Error: unknown flag: --project-sidecar-insertion
In the static manifest file /etc/kubernetes/manifests/kube-controller-manager.yaml we see the faulty flag:
...
containers:
- command:
- kube-controller-manager
- ...
- --project-sidecar-insertion
Since I am unsure if this is the correct course of action I made a backup before removing the flag:
$ cp kube-controller-manager.yaml ~/backup.yaml
After removing it and checking the pods in the kube-system namespace again, we can see that the pod is up now.
$ k get pods -n kube-system | grep controller
kube-controller-manager-controlplane 1/1 Running 0 19s
Looking at the pod logs everything seems clean now.
$ k logs -n kube-system kube-controller-manager-controlplane
I0418 13:56:44.001105 1 shared_informer.go:377] "Caches are synced"
I0418 13:56:44.002269 1 shared_informer.go:377] "Caches are synced"
I0418 13:56:44.004508 1 shared_informer.go:377] "Caches are synced"
I0418 13:56:44.010623 1 shared_informer.go:377] "Caches are synced"
I0418 13:56:44.011051 1 shared_informer.go:377] "Caches are synced"
I0418 13:56:44.011185 1 shared_informer.go:377] "Caches are synced"
I0418 13:56:44.023478 1 shared_informer.go:377] "Caches are synced"
I0418 13:56:44.023724 1 shared_informer.go:377] "Caches are synced"

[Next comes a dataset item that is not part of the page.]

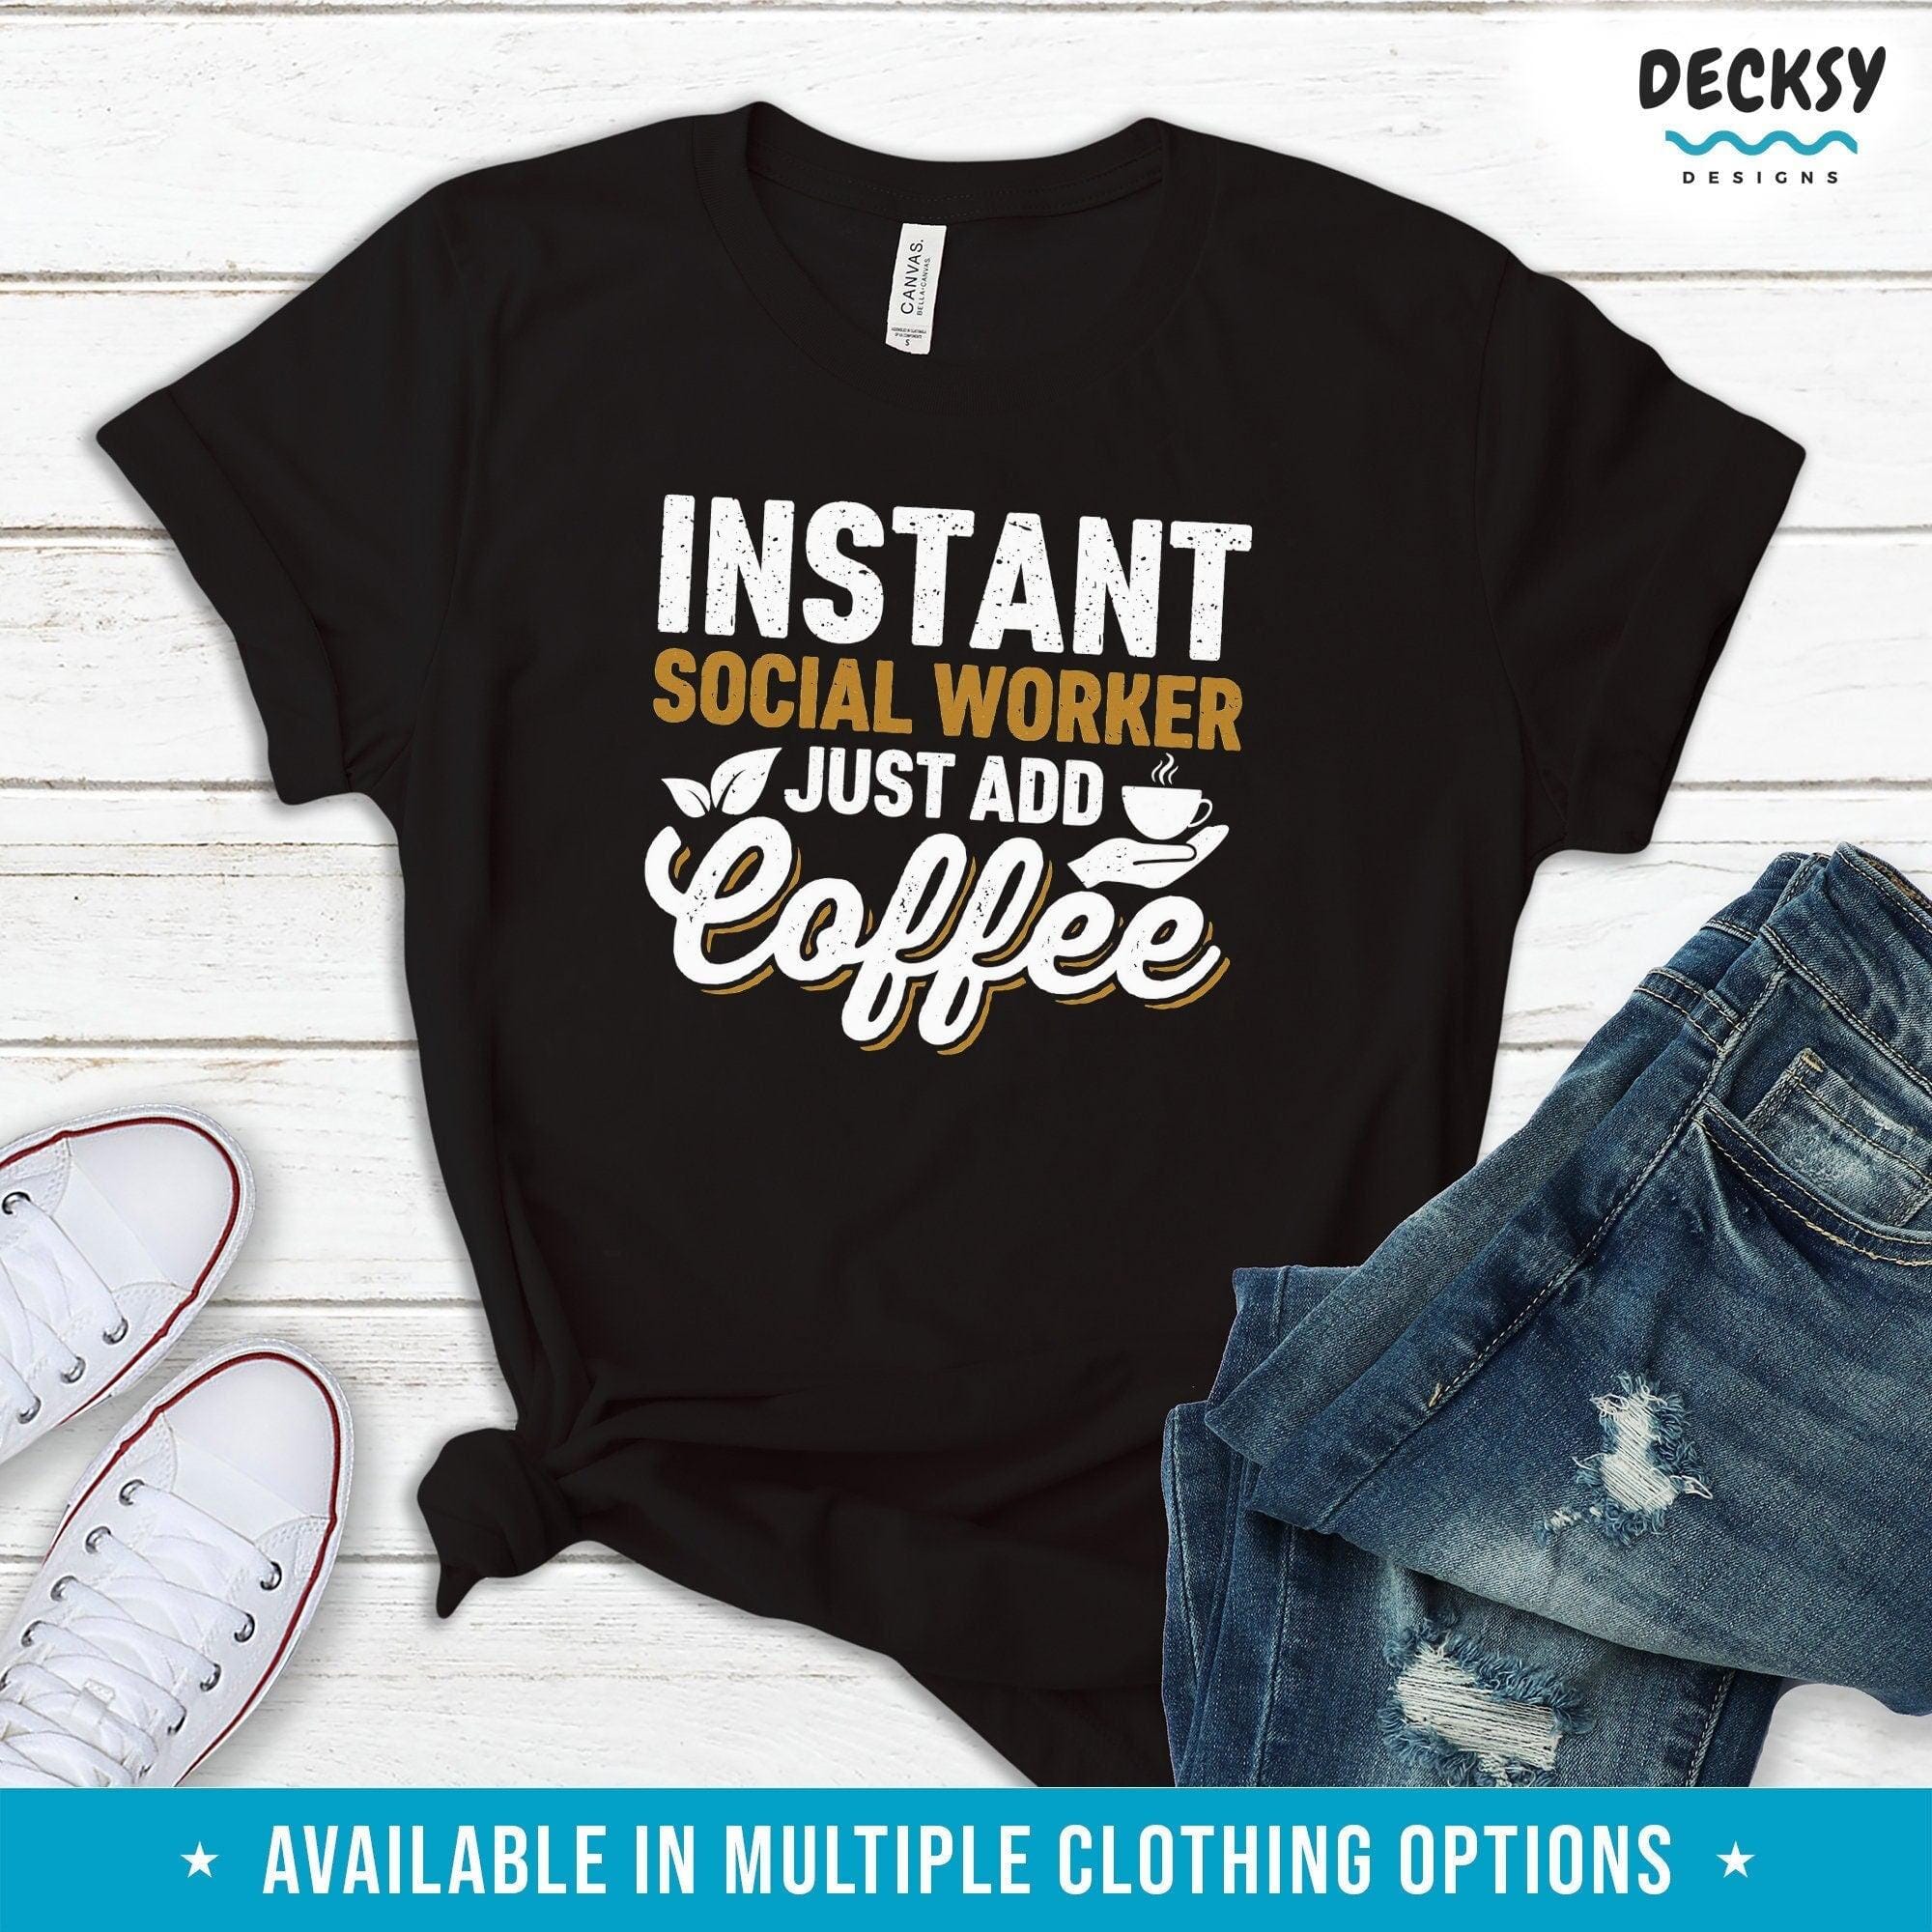 Social Worker Shirt, Coffee Lover Gift-Clothing:Gender-Neutral Adult Clothing:Tops & Tees:T-shirts:Graphic Tees-DecksyDesigns

I0418 13:56:44.040319 1 shared_informer.go:370] "Waiting for caches to sync"
I0418 13:56:44.141680 1 shared_informer.go:377] "Caches are synced"
I0418 13:56:44.229202 1 shared_informer.go:377] "Caches are synced"
I0418 13:56:44.229228 1 garbagecollector.go:166] "Garbage collector: all resource monitors have synced"
I0418 13:56:44.229237 1 garbagecollector.go:169] "Proceeding to collect garbage"
Learnings
- The controller manager is responsible for managing controllers. If it is not running the cluster state will drift from the desired state.